His eyes sent out a flash. I could see the muscles of his hand clench against his knee. I had scored a point, and his anger was correspondingly increased.

“Perhaps I had better explain,” he began in a tone of elaborate forbearance. “I live at Wembly. Most of the land between here and there belongs to me. Pastimes happens to be outside the limit, and so it escaped my memory. I have not been over it before. I did not know the last tenants. For the last few weeks I have been looking for a house for my friend—a member of the family who is returning from abroad. Invalided!”

He pronounced the last word with emphasis, staring fixedly at me the while. I adapted my features to express polite commiseration.

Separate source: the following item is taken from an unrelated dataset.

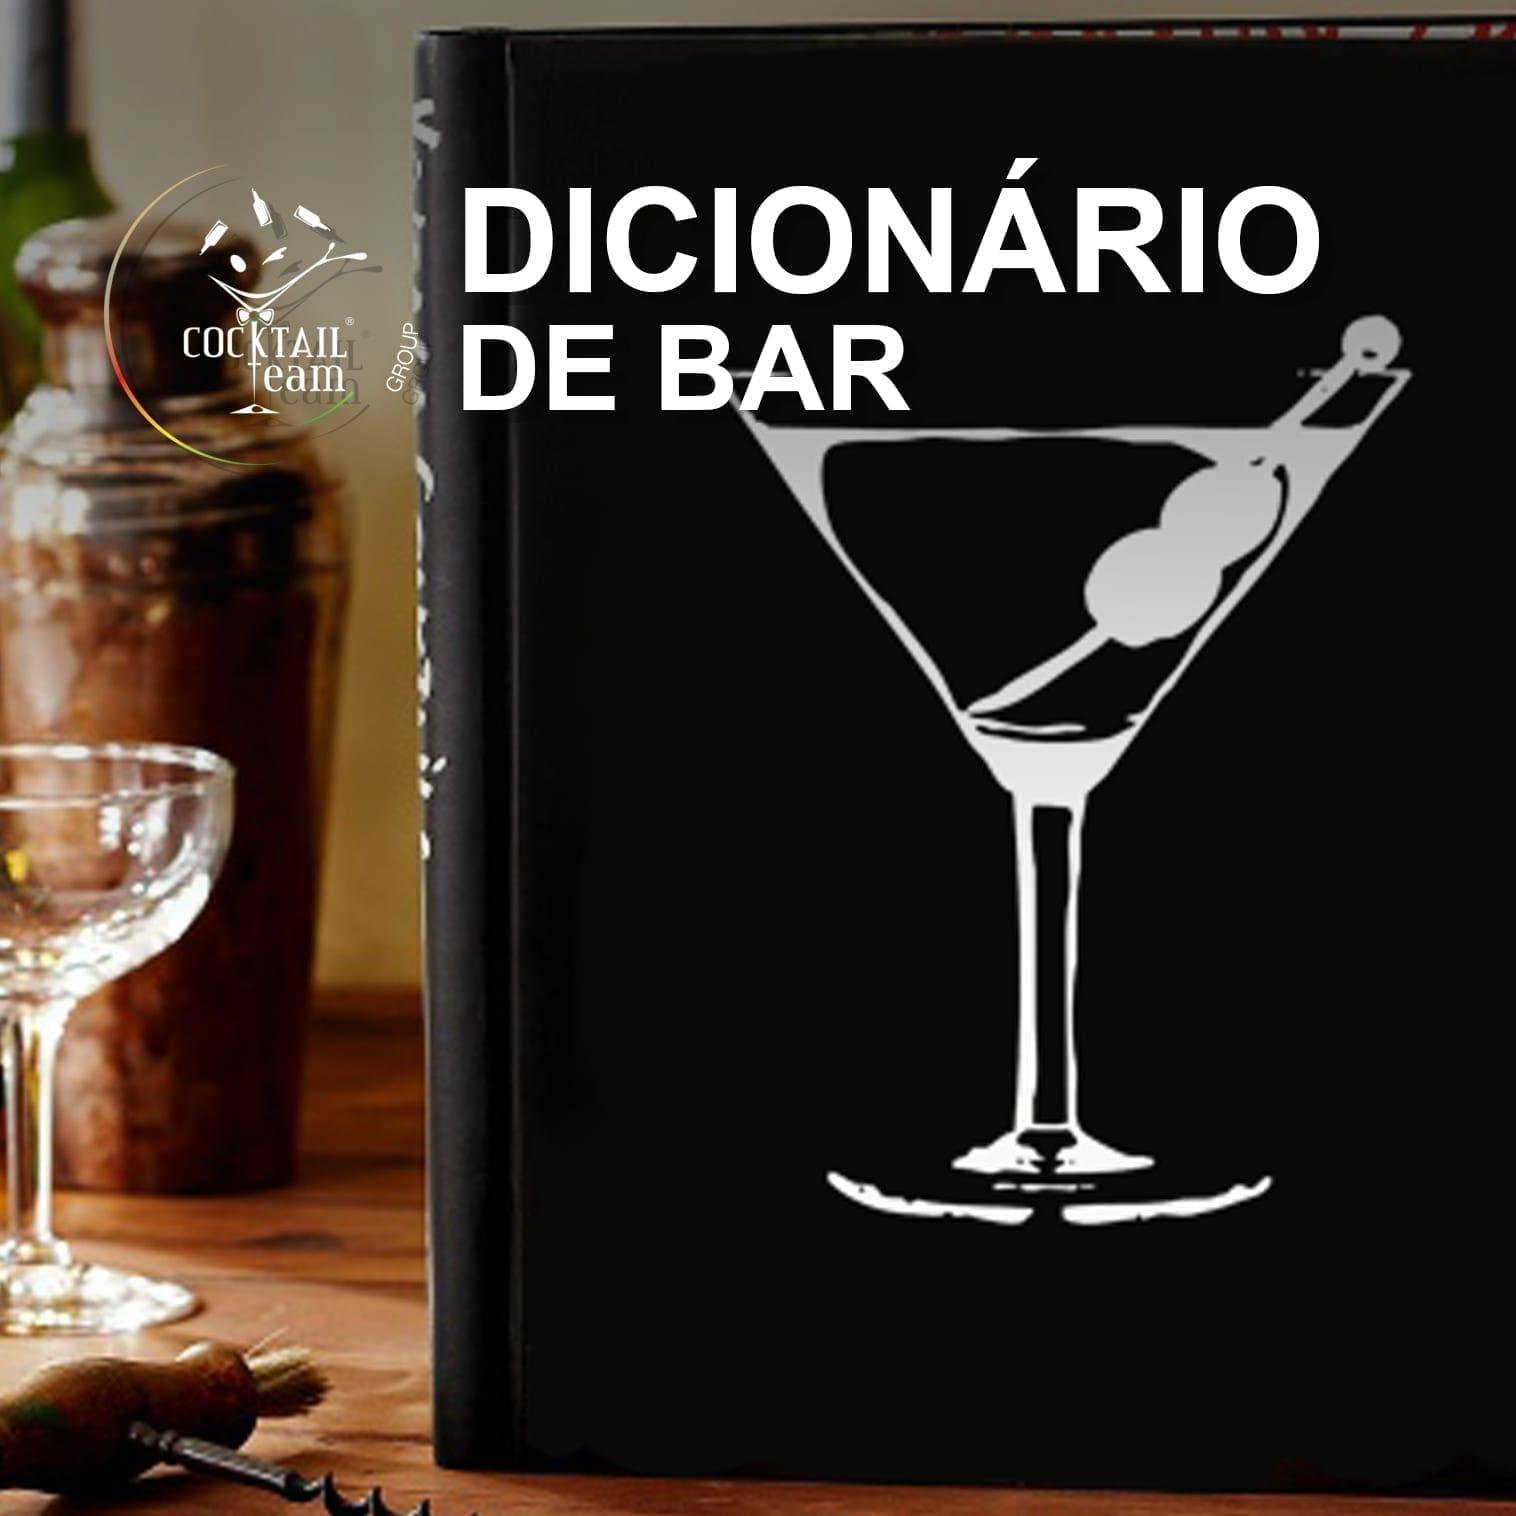 Bar Dictionary

“It is natural that he should wish to live within driving distance of his friends.”

“Oh, quite!”

“The moment that I saw Pastimes I knew for a sure thing that it would be just his house—”

“I am sorry, but as he has not seen it, he can’t be disappointed. There must be other houses—”

“I have already said I have been searching round for—the—last—three—weeks,” Mr Maplestone repeated, in the carefully deliberate tone which disguises irritation. “Nothing else will suit anything like so well.”

I murmured indefinitely, and glanced at the screen. Mentally I could see Charmion leaning back in her chair, smiling her slow fine smile, inquisitively waiting to see just how firm or how weak I could be. I was not inclined to be weak. There was something in the personality of this big domineering man which roused an imp of contradiction. We sat silent, eyeing one another across the room.

“I believe you and—er—Mrs Fane are strangers to this neighbourhood?”